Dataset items
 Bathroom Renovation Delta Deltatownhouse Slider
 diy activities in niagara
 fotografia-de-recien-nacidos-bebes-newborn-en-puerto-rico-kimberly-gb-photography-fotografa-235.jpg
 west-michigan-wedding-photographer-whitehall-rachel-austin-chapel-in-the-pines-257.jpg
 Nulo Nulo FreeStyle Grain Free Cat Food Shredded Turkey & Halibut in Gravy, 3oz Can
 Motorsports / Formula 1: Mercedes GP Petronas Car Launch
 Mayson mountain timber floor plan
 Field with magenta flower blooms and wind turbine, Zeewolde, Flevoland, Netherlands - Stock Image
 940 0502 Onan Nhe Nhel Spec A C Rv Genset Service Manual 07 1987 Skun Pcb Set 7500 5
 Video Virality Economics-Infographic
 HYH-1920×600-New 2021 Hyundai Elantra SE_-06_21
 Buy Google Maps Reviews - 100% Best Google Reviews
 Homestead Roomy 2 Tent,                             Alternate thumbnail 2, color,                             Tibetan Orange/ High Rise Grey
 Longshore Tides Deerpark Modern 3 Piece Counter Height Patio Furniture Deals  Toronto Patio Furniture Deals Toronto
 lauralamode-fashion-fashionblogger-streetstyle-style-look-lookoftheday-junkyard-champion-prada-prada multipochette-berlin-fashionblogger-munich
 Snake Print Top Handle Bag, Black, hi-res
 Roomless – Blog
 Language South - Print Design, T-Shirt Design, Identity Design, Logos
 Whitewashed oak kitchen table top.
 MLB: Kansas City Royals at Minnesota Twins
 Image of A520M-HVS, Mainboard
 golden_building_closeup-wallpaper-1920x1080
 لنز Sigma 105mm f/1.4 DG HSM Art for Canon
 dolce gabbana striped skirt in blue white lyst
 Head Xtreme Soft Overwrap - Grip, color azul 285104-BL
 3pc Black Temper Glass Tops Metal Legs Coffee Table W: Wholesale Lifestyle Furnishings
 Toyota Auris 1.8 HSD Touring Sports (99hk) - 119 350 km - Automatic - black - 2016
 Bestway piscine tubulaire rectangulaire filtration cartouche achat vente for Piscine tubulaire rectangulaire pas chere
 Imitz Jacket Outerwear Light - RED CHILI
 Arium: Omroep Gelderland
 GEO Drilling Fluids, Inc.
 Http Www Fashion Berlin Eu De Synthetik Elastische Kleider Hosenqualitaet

> Brief
Could you return exactly the stretch of the data above that starts at the line with "golden_building_closeup-wallpaper-1920x1080" and ends at the line with "GEO Drilling Fluids, Inc.", both lines included?

> Output for this exercise
 golden_building_closeup-wallpaper-1920x1080
 لنز Sigma 105mm f/1.4 DG HSM Art for Canon
 dolce gabbana striped skirt in blue white lyst
 Head Xtreme Soft Overwrap - Grip, color azul 285104-BL
 3pc Black Temper Glass Tops Metal Legs Coffee Table W: Wholesale Lifestyle Furnishings
 Toyota Auris 1.8 HSD Touring Sports (99hk) - 119 350 km - Automatic - black - 2016
 Bestway piscine tubulaire rectangulaire filtration cartouche achat vente for Piscine tubulaire rectangulaire pas chere
 Imitz Jacket Outerwear Light - RED CHILI
 Arium: Omroep Gelderland
 GEO Drilling Fluids, Inc.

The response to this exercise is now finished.